Tan Yin sedang melamun ketika ujung kakinya menendang sesuatu yang keras. Ia kaget dan menunduk, mendapati sebuah kepala pucat bersimbah darah, masih mengenakan helm penjaga istana, entah sejak kapan telah menggelinding ke samping kakinya.

Seluruh tubuhnya seakan dialiri darah dingin, ia menjerit ketakutan, melangkah mundur terhuyung-huyung, lalu tersandung sesuatu lagi. Tangannya tanpa sengaja menyentuh tubuh tanpa kepala lainnya. Seketika itu juga, bibir Tan Yin memucat, napasnya seolah terhenti.

Hanya setelah pria di atas panggung tertawa terbahak-bahak, Tan Yin sejenak sadar dari keterkejutannya.

Yu Jin berdiri, menepuk-nepuk jubahnya seolah membersihkan debu yang tak ada, lalu perlahan melangkah ke arahnya. Ia berhenti tepat di hadapan Tan Yin, menendang kepala di lantai ke samping, lalu dengan sikap acuh membuka telapak tangan ke arah Tan Yin, seolah hendak menolongnya berdiri.
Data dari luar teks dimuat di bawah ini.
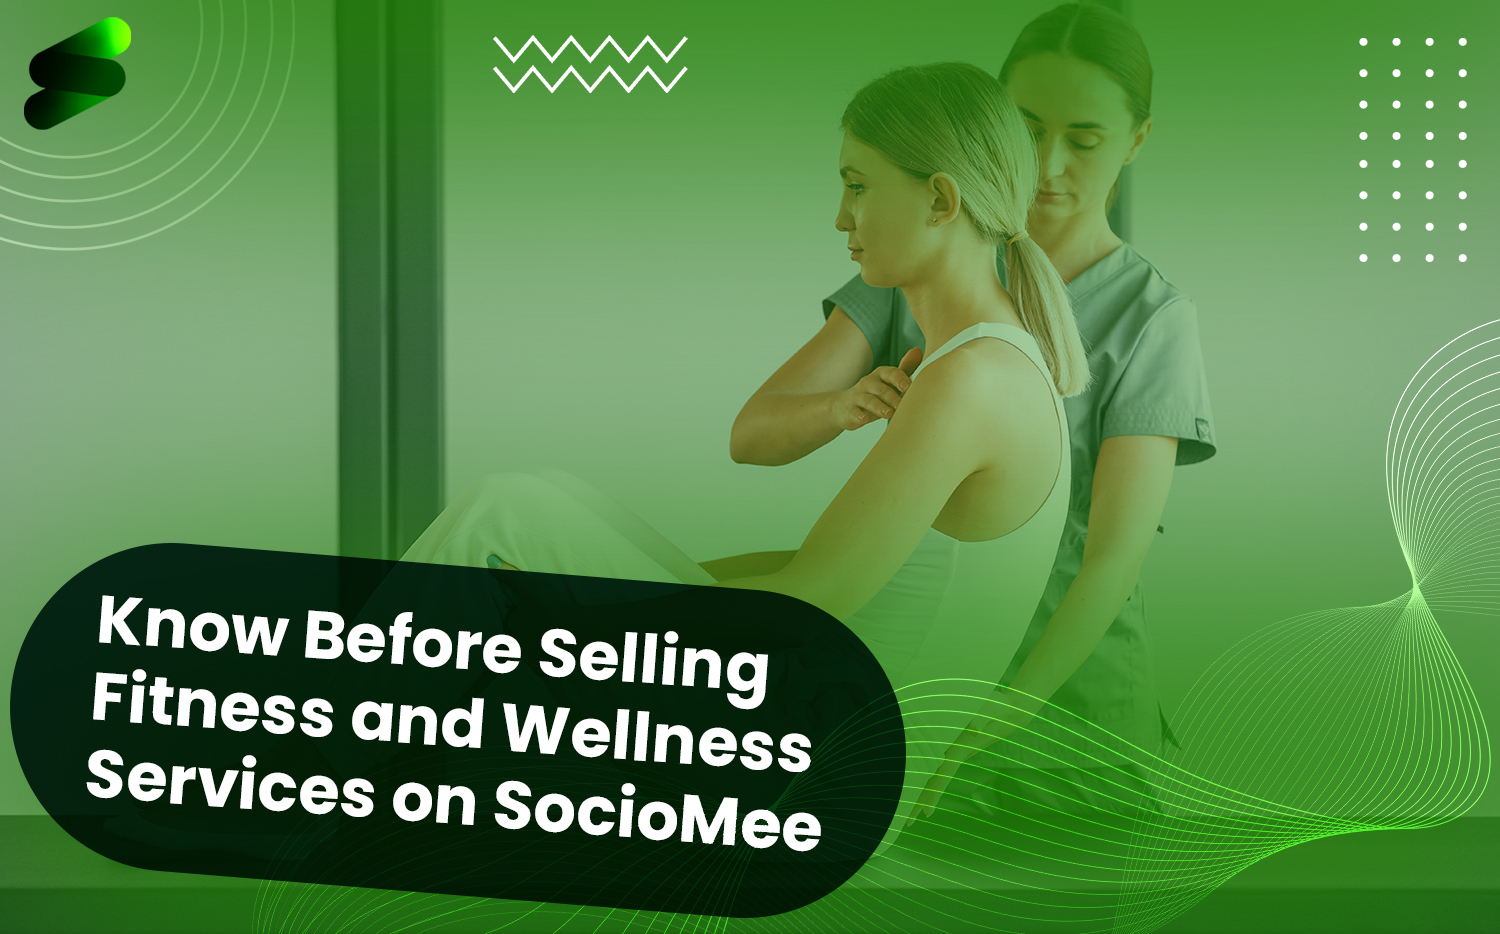 What You Need to Know Before Selling Fitness and Wellness Services on SocioMee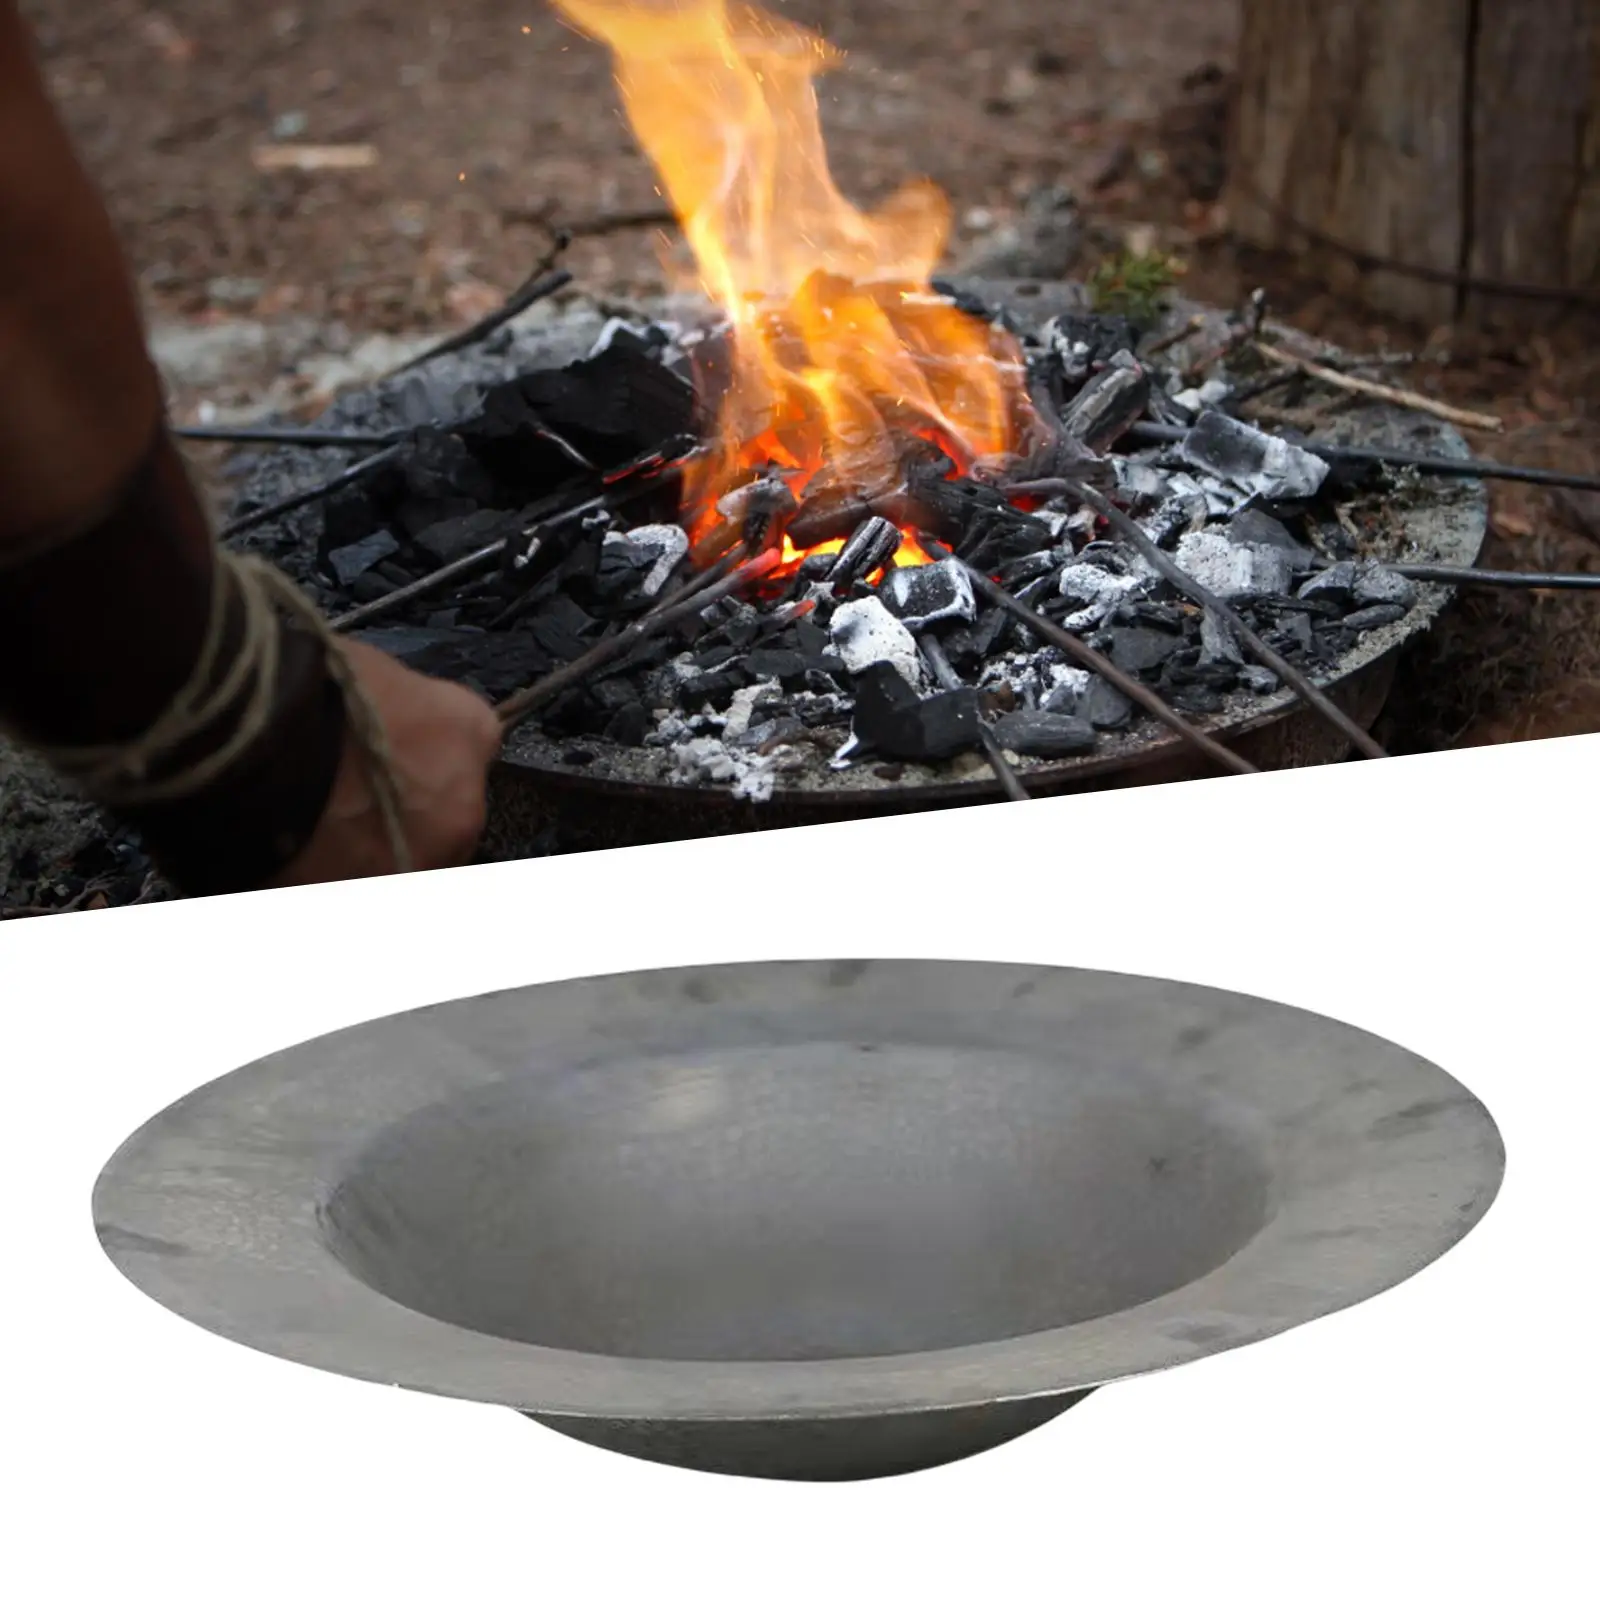 Round Fire Bowl Pit BBQ Charcoal Wood Burning Burner Sturdy Firewood Multifunction for Hiking Backyard Picnic Garden Outdoor

Tan Yin tak bisa menebak apa yang sebenarnya ingin dilihat pria itu dari dirinya. Setelah ragu sejenak, ia akhirnya mengulurkan tangannya. Namun entah karena tak sabar atau alasan lain, Yu Jin mengganti tangan dan kembali mengulurkan ke depan Tan Yin.

Saat telapak tangan mereka bersentuhan, Tan Yin merasa menyentuh sesuatu yang dingin dan basah. Yu Jin menyelipkan benda itu di antara jari-jarinya, memintanya membungkusnya rapat sebelum menarik kembali tangannya.

Tan Yin menarik tangan dan membuka telapak, mendapati sepotong jari terputus, dengan tanda khusus penjaga istana ibu kota yang terukir di atasnya.

“Ah—!” Tan Yin menjerit ketakutan, tangannya gemetar hingga menjatuhkan benda itu.

Senyum mengejek nan haus darah terlukis di bibir Yu Jin. “Kenapa? Rekanmu telah menempuh perjalanan jauh ke sini, tak ingin menyapa mereka untuk terakhir kali?”